Hahahaha, Unless that person trains the bird to open the bottle of asprin & bring water also!lol


----------



## gogi

I was going to bring a six pack but after reading this thread i think a 12 pack might be better. Keg + Train = police harassment every time sry


----------



## Julio

gogi said:


> I was going to bring a six pack but after reading this thread i think a 12 pack might be better. Keg + Train = police harassment every time sry


Not if you put it in a cardboard box 

But yes 12 Packs are better we almost ran low on the last meeting


----------



## B-NICE

I should be able to make it...


----------



## eos

Damn this sounds like it's gonna be a big meet... and I CAN'T MAKE IT! Sunova!


----------



## Julio

Hey guys,

I have some true sipiliwini juvies 3 months out of the water $150 each

Also have some subadults vittatus $30 each with $10 from each frog going to the CRARC, which is where they came from.
Can deliver to the meeting, ck the face fob thread for pics


----------



## Tincman

IF anyone has any interest I can bring these to the meet:
*Patricia pair* (Im 99% on these as a pair, the male is a nice high yellow frog, asking $140)
*Varadero* (115 for a young froglet trio)
*Esperanza Sub adult*(this is a nice Dark Red/Blue Example, Probably round 7-8 months now, asking $70
*LEDS* Also have a few of these really bright LEDS left at $18 ea or 2 for $34, I have tested these & theyre excellent lights as far as brightness & ability to grow plants.
Please inbox me with any questions about the frogs or bulbs as Id be more then happy to answer. See you guys friday,
Idris-


----------



## Colin C

In the first of what I hope to be a series of talks at upcoming meets, tomorrow Dr. Jason Brown will present his research on the evolution of the dramatic color and pattern diversity seen in Oophaga pumilio. This is your chance to see one of the world's premiere Dendrobatid researchers speak about one of everyones' favorite frogs! The meet at Fauna tomorrow will start at 7pm and Dr. Brown's talk will begin at 8.


----------



## Dart guy 16

I have a little plant package I'm offering for sale at the meet on Friday
Philodendron squamiferum (huge clipping)
Philodendron verrucosum (small clipping but rooted)
philodendron hederaceum (rooted clipping)
Peperomia Glabella
And probably one or two other clippings depending on what I have
Asking $30


----------



## Sherman

This photo looks appropriate for this thread.



Looking forward to this.
I will bring a Tesoros glass (empty) to auction. Proceeds to Tesoros de Colombia.

Cheers,
Chris


----------



## rozdaboff

I am going to be attending this one to not only hear what I expect will be a great lecture - but also to meet up with some of the NYC folk I haven't yet met.

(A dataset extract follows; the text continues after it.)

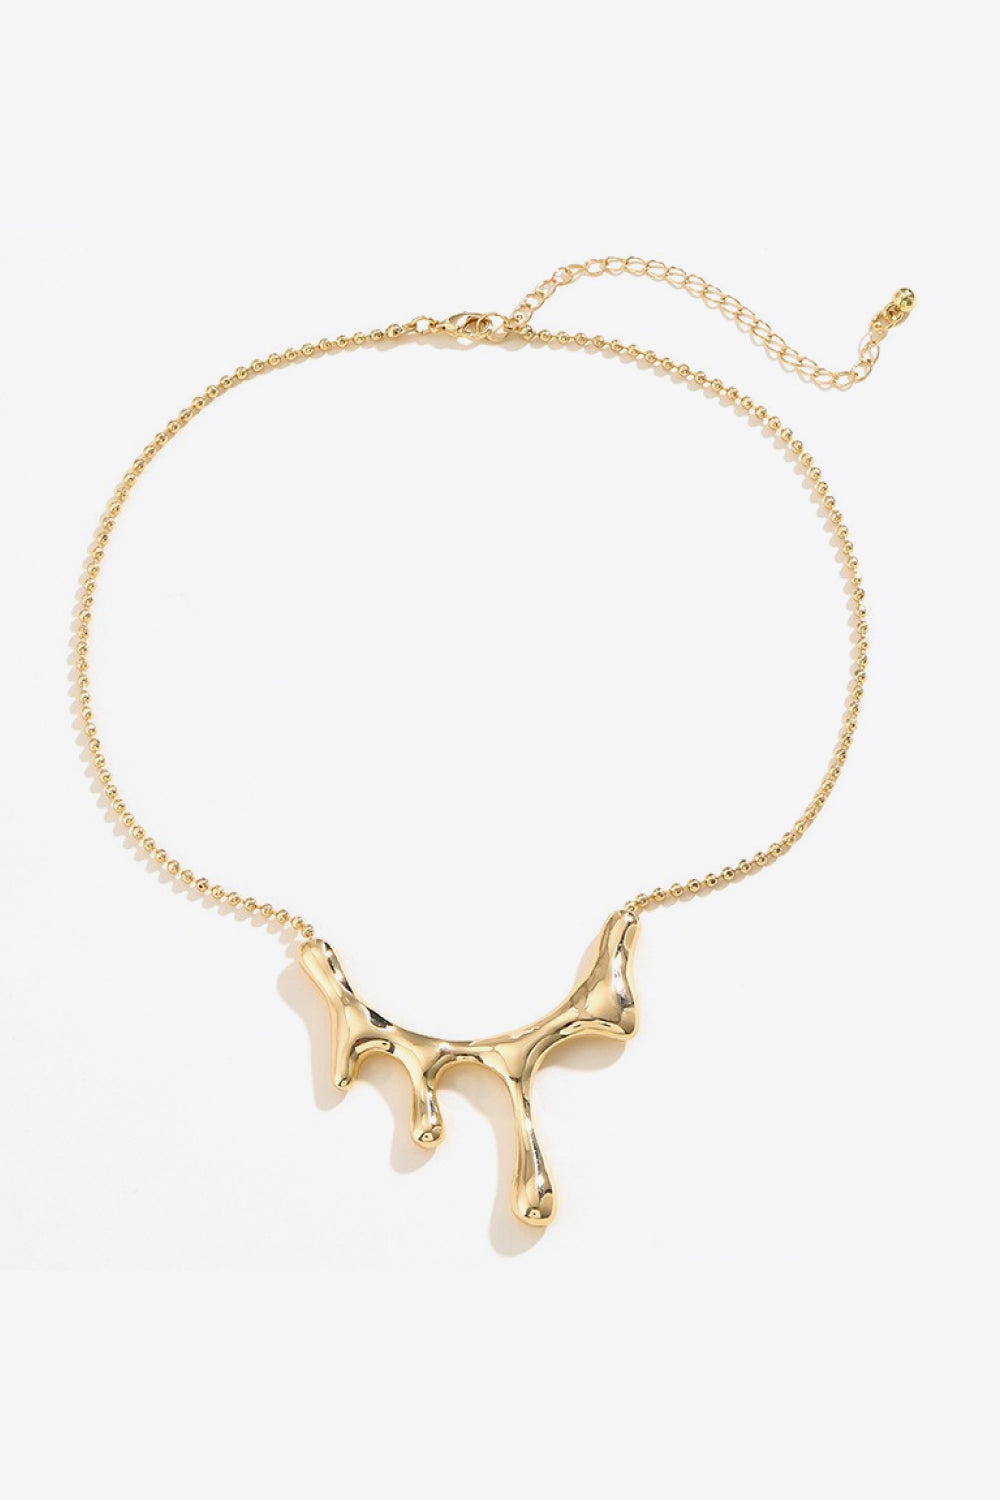 Women's Fashion Lobster Clasp Necklace

I will bring a few extra frog-free clippings of a couple of plants, including some Microsorum linguiforme.

If anyone is interested, I broke down an extra Geosesarma tank that a friend was taking care of for me - and I have two groups of CB Geosesarma sp. "Red Devil" crabs available. Groups will be one adult female, one subadult male, and three juveniles. Asking $40/group. If someone wants all of the crabs - I can do $70 for all 10 (and there will probably be an extra small youngster or two).

They are very easy to care for, hardy - and with proper supplementation - color up immensely. If anyone has any questions about care - shoot me a line.

Here are some pictures of my adult breeders:

Male









Female









I just need to know by tomorrow (Friday 4/25) before 7AM so I can bring them to work with me.


----------



## Dart guy 16

I also have a 9 month old trio of Azureus for sale $80 or open to a possible trade


----------



## Halter

radiata said:


> Josh,
> 
> Looking forward to seeing you there. I bought a booming wingless D. melanogaster culture from you in WP on 4/6. I got an unusually high number of FFs out of it today. Do you have a secret ingredient?
> 
> Bob


Bob,

That's right! I am glad you are satisfied...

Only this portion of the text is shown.